== Supplied data ==
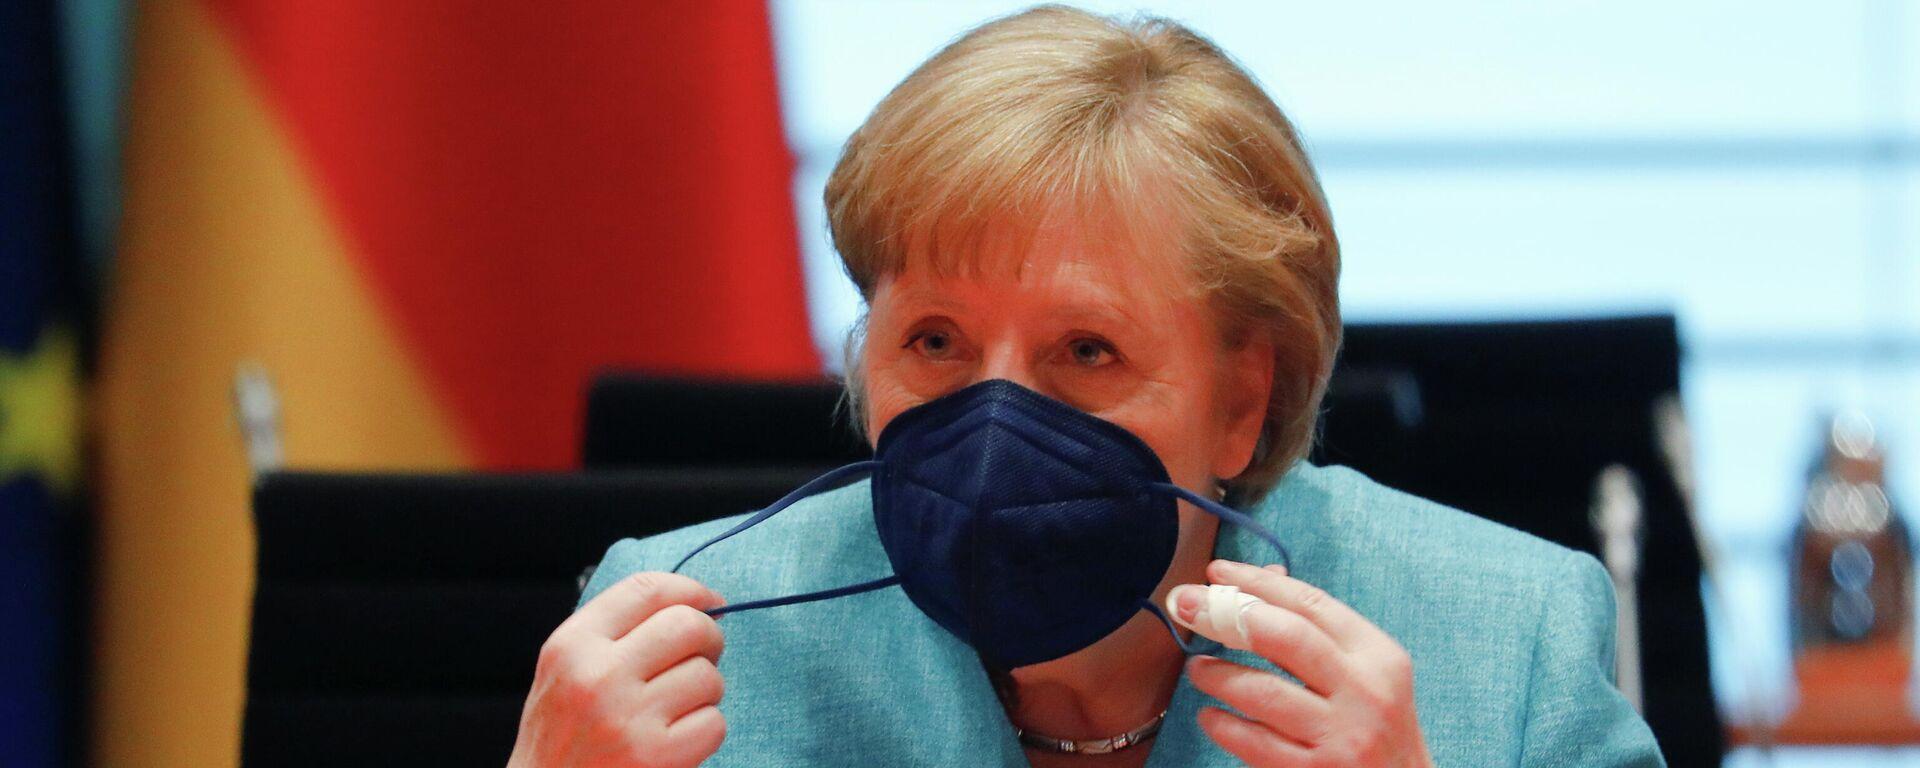 Bundeskanzlerin Angela Merkel - SNA, 1920, 20.05.2021
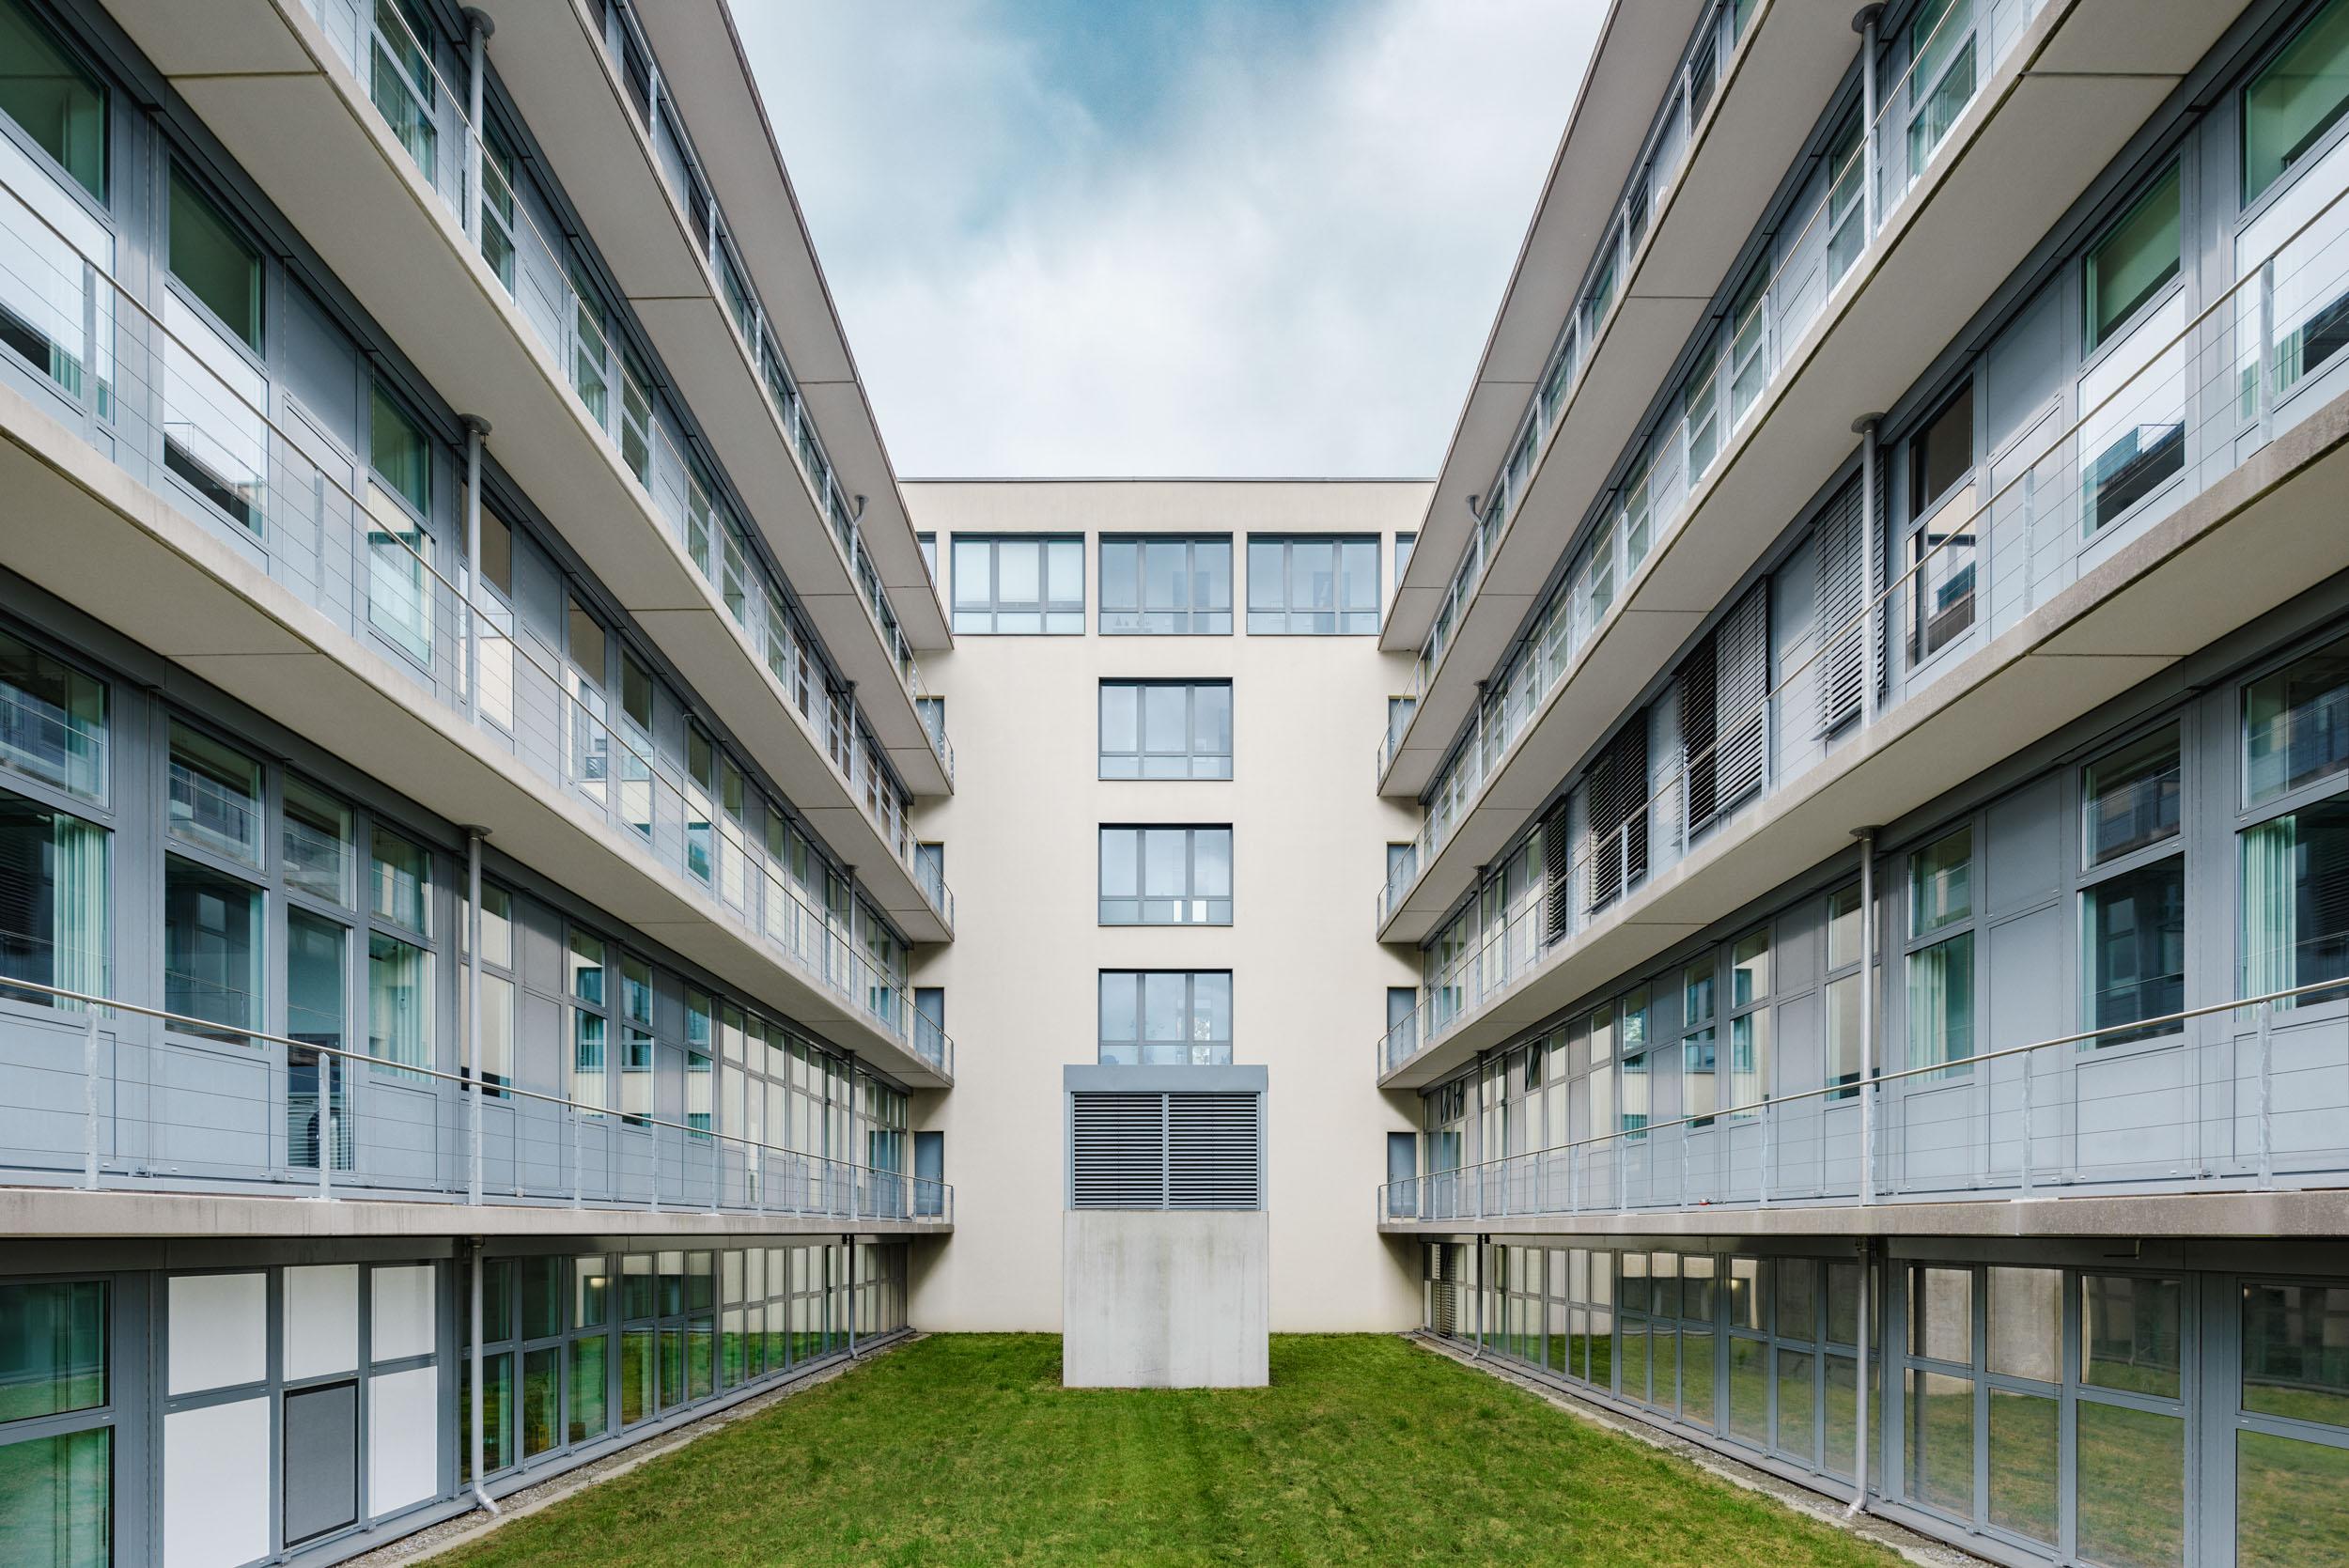 Gustav-Epple-Bauunternehmung-Tübingen-Biotech_MLX8343#00
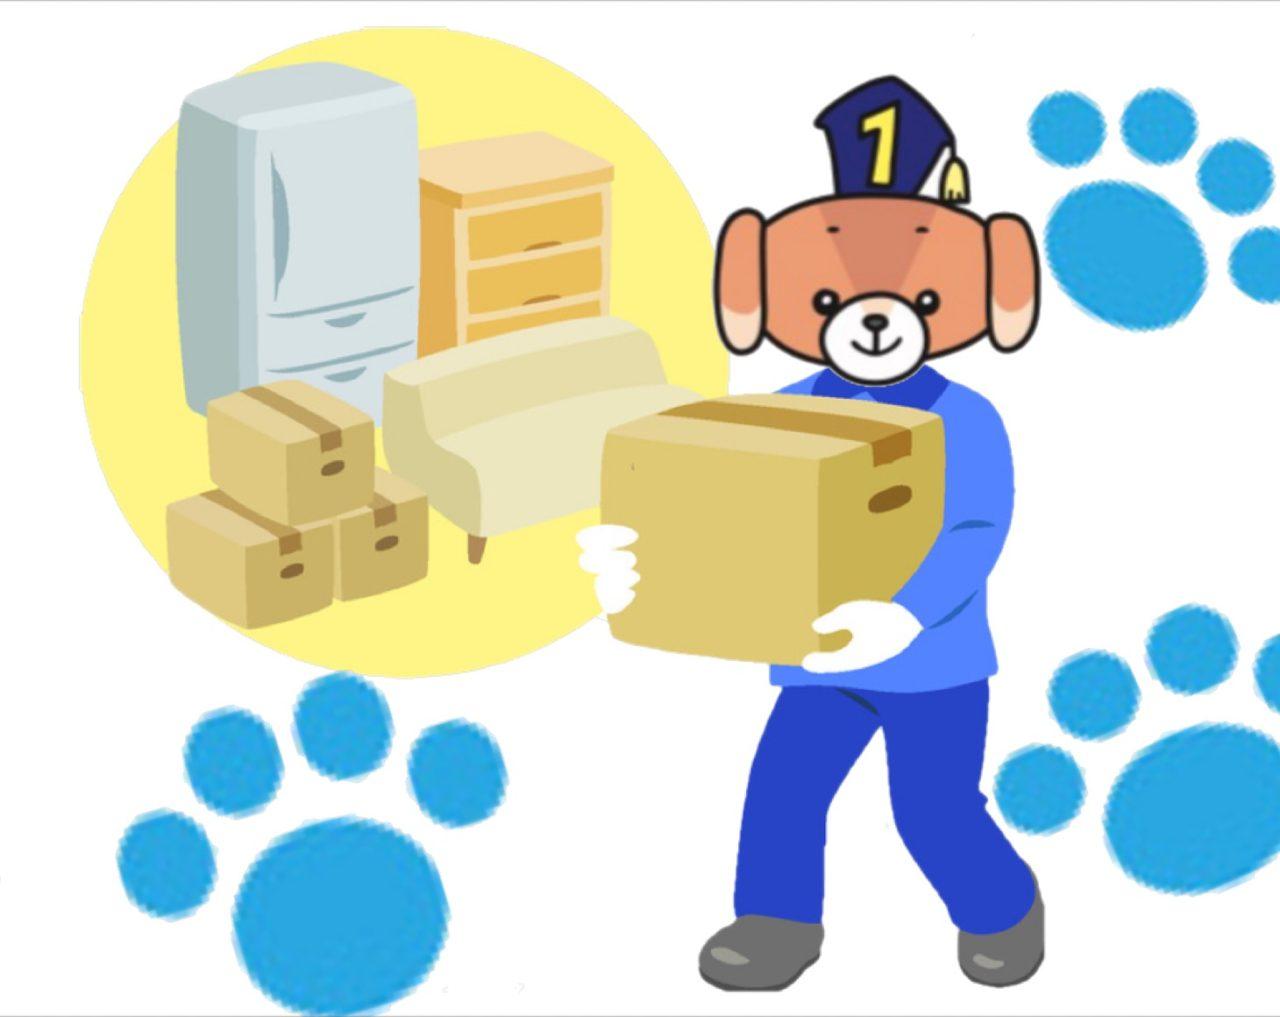 札幌のリサイクルショップでお引っ越しの手伝いができます!

== Exercise requirements ==
Give back the whole listing as it stands, minus its pictures.

== Exercise output ==
 Bundeskanzlerin Angela Merkel - SNA, 1920, 20.05.2021
 Gustav-Epple-Bauunternehmung-Tübingen-Biotech_MLX8343#00
 札幌のリサイクルショップでお引っ越しの手伝いができます!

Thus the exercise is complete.